From Rina Goodman’s Transforming Conflict Blog
There are some things one remembers even though they may never have happened.
HAROLD PINTER, Old Times
[This is the first part of a series on this topic.]
When I was very young, my grandmother enjoyed telling me about a very special time when she was traveling by train from New York City to spend the weekend with my parents, sister, and me on Long Island. In this story (which she claimed to be true), the train had made one of its usual stops before reaching our town when a cute, fluffy kitten stepped off the platform and onto the train. In this story, my grandmother watched this little kitten as it walked right up to her and, without a word (ok, I added that part), leapt onto her lap, curled up, and fell fast asleep. “Why didn’t you bring it home to me?” I would ask each time she repeated this story, as if, by changing the story, she could change the outcome in real life. “Because,” she’d remind me, “when we arrived at the next stop and the doors opened, the kitty woke up, jumped off my lap, and walked right out the door before I could stop it!”
The implausability of the story my grandmother told never struck me when I was young. As an adult, talking about this with my mother, I suddenly understand that my grandmother’s “memory” probably was constructed, based, perhaps, on something that really did happen and colored, somewhat, too, by some wishful thinking and her desire to please a wistful grandchild.

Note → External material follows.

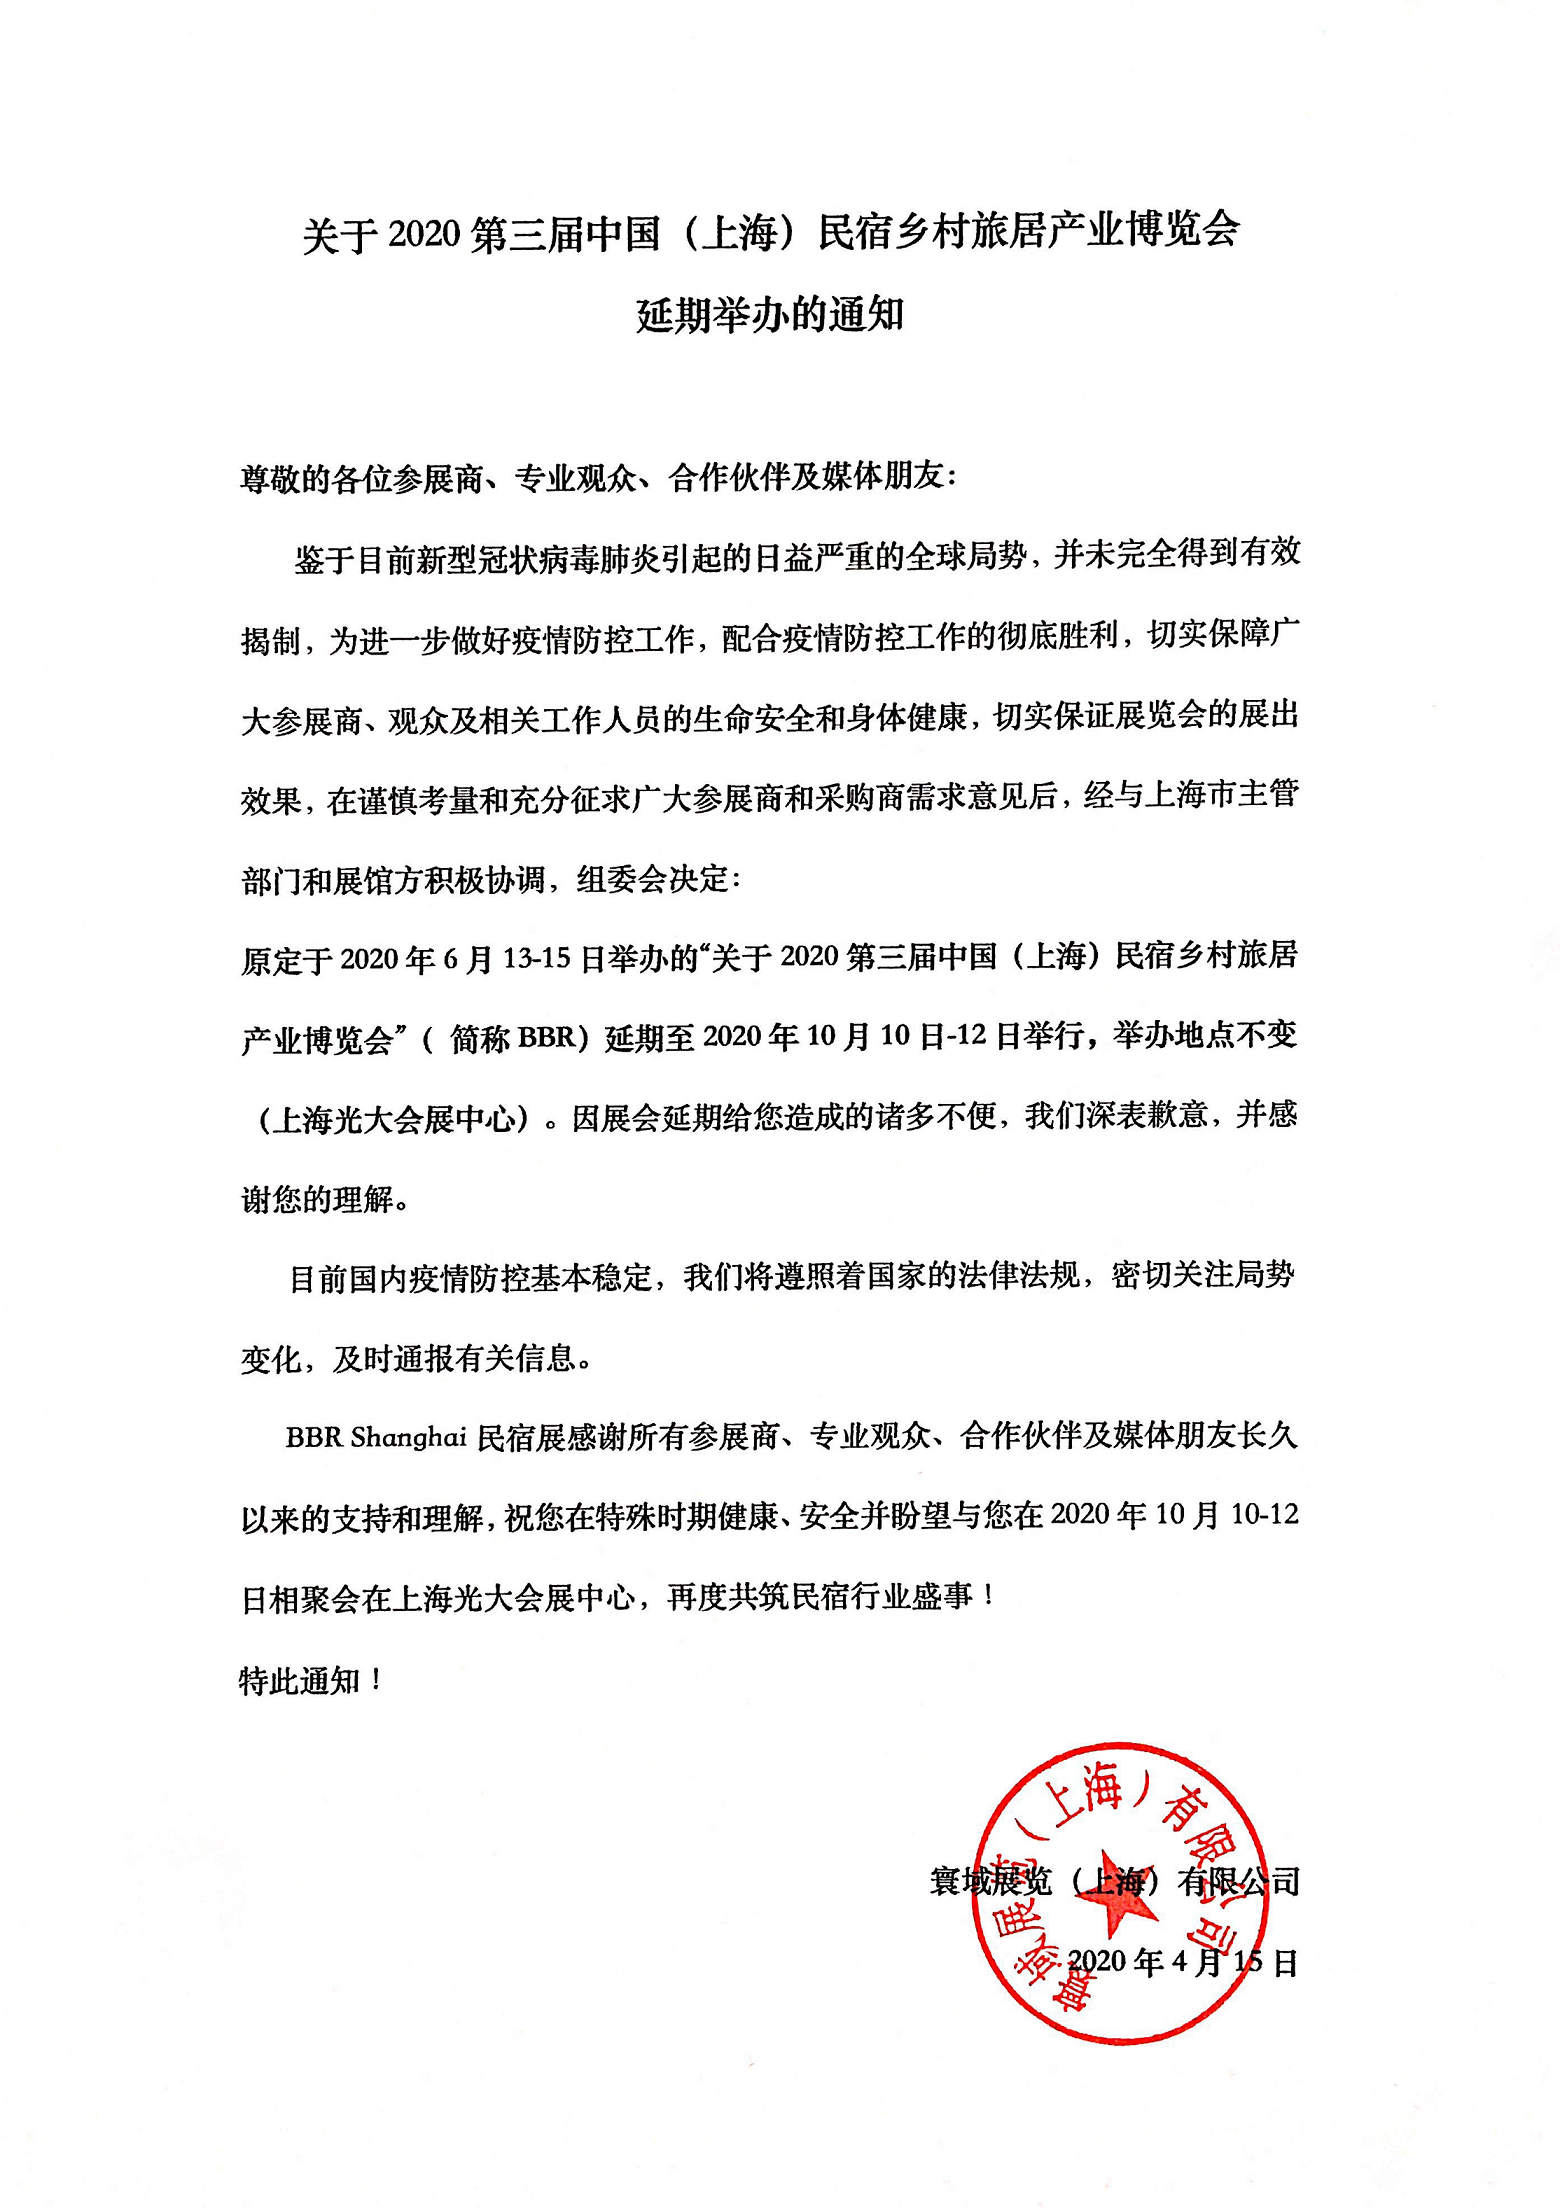 2020年第三届上海国际民宿及乡村旅居产业博览会延期通知.png

Memories are the stuff of literature and art, enriching our collective imagination and culture. But as we know, they also can be inaccurate and even false. In The Seven Sins of Memory: How the Mind Forgets and Remembers, Daniel L. Schacter sums up his explanation for why memories are not carbon copies of what we perceive with our senses:
We extract key elements from our experiences and store them. We then recreate or reconstruct our experiences rather than retrieve copies of them. Sometimes, in the process of reconstructing we add on feelings, beliefs, or even knowledge we obtained after the experience. In other words, we bias our memories of the past by attributing to them emotions or knowledge we acquired after the event.
It’s important to understand that, with rare exceptions, no one’s memory is absolutely precise. Absent hard evidence such as recordings or writing, there is a reasonable chance that your recollection is, well, just as faulty as the other person’s.
So what’s the problem? The problem occurs when we rely on memory for making judgments and decisions that are life-altering while discounting evidence that a contrary view may be equally reasonable.